2x2 fmc with 5 minutes time limit


----------



## byu (Apr 29, 2009)

7x7x7 fmc


----------



## Bryan (Apr 29, 2009)

grama said:


> StefanPochmann said:
> 
> 
> > [...] No reason to remove them from WCA unless *nobody* wants them anymore.
> ...



But there's no requirement that a competition must hold every official event.


----------



## Mike Hughey (Apr 29, 2009)

grama said:


> that's why i said "a competition that WANTS to make them all"


But if you really want to do them all, you can still do them all. If you don't want the trouble in organizing to do that many events, then you don't want to do them all.

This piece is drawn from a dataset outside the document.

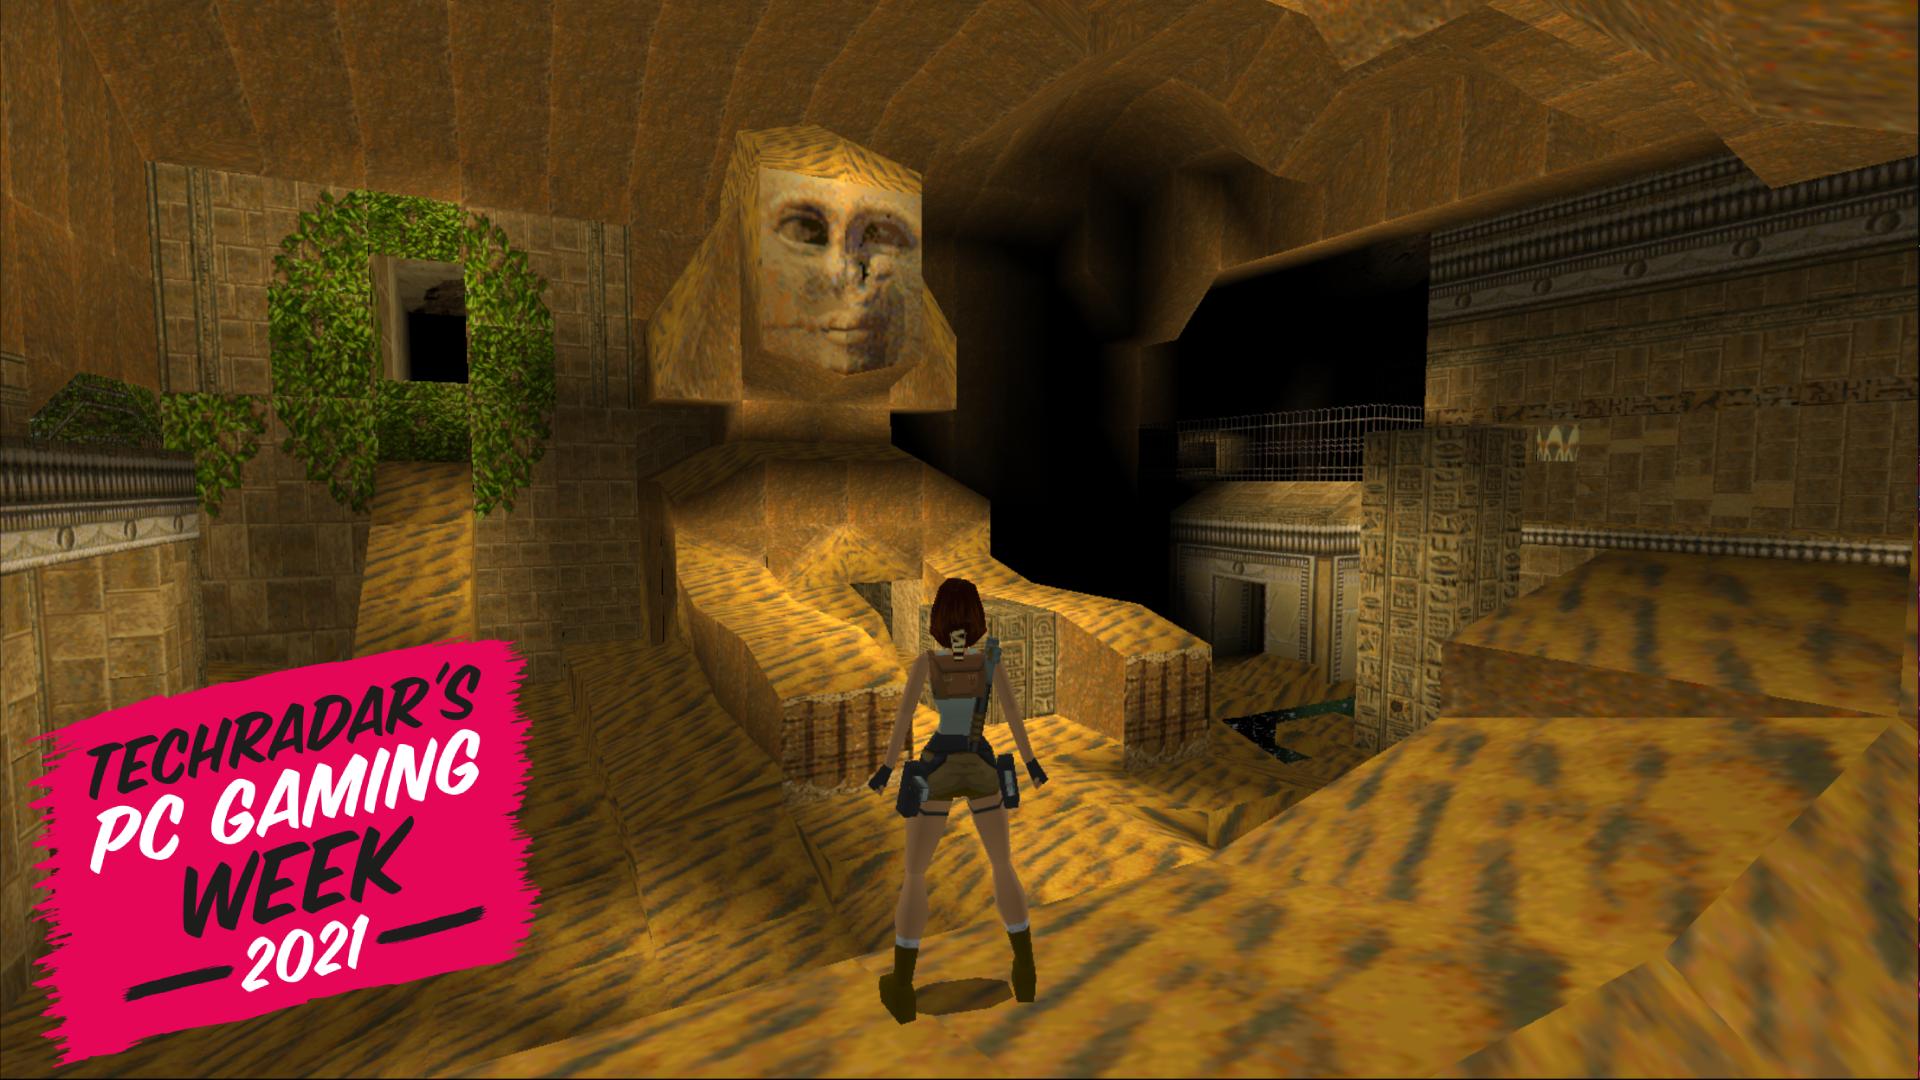 Lara Croft in Egypt, in the original Tomb Raider game

It seems like you're more interested in a competition that wants to be able to *claim* (meaning "brag") that they're doing them all. Admittedly, having more events makes that difficult.

Maybe we could have different classes of events - something like "main events" and "side events". Not just for a given competition, like it is today, but as an overall WCA designation. If we did that, we'd probably want most of the current events to be "main events", with just the ones lots of people don't like as "side events". (I realize that would probably mean 5x5x5 BLD and maybe even 4x4x4 BLD becoming "side events", which would disappoint me, but I could live with it. And I'll argue that 4x4x4 BLD is really starting to become mainstream, so I'd resist that one becoming a side event.) So solving with feet, magic, and master magic might become side events. And then we could add a whole bunch more if we like to the side events. (Like 6x6x6 BLD, 7x7x7 BLD, megaminx BLD, Square-1 BLD, 7x7x7 multiBLD, etc. )

Then a competition that wants to claim (brag) they're doing them all can simply offer all main events, and not even worry about side events, since they're "just side events". But it would still be a thing of (admittedly more limited) honor to be good at a side event, so fun for everyone, no?


----------



## Bryan (Apr 29, 2009)

grama said:


> that's why i said "a competition that WANTS to make them all"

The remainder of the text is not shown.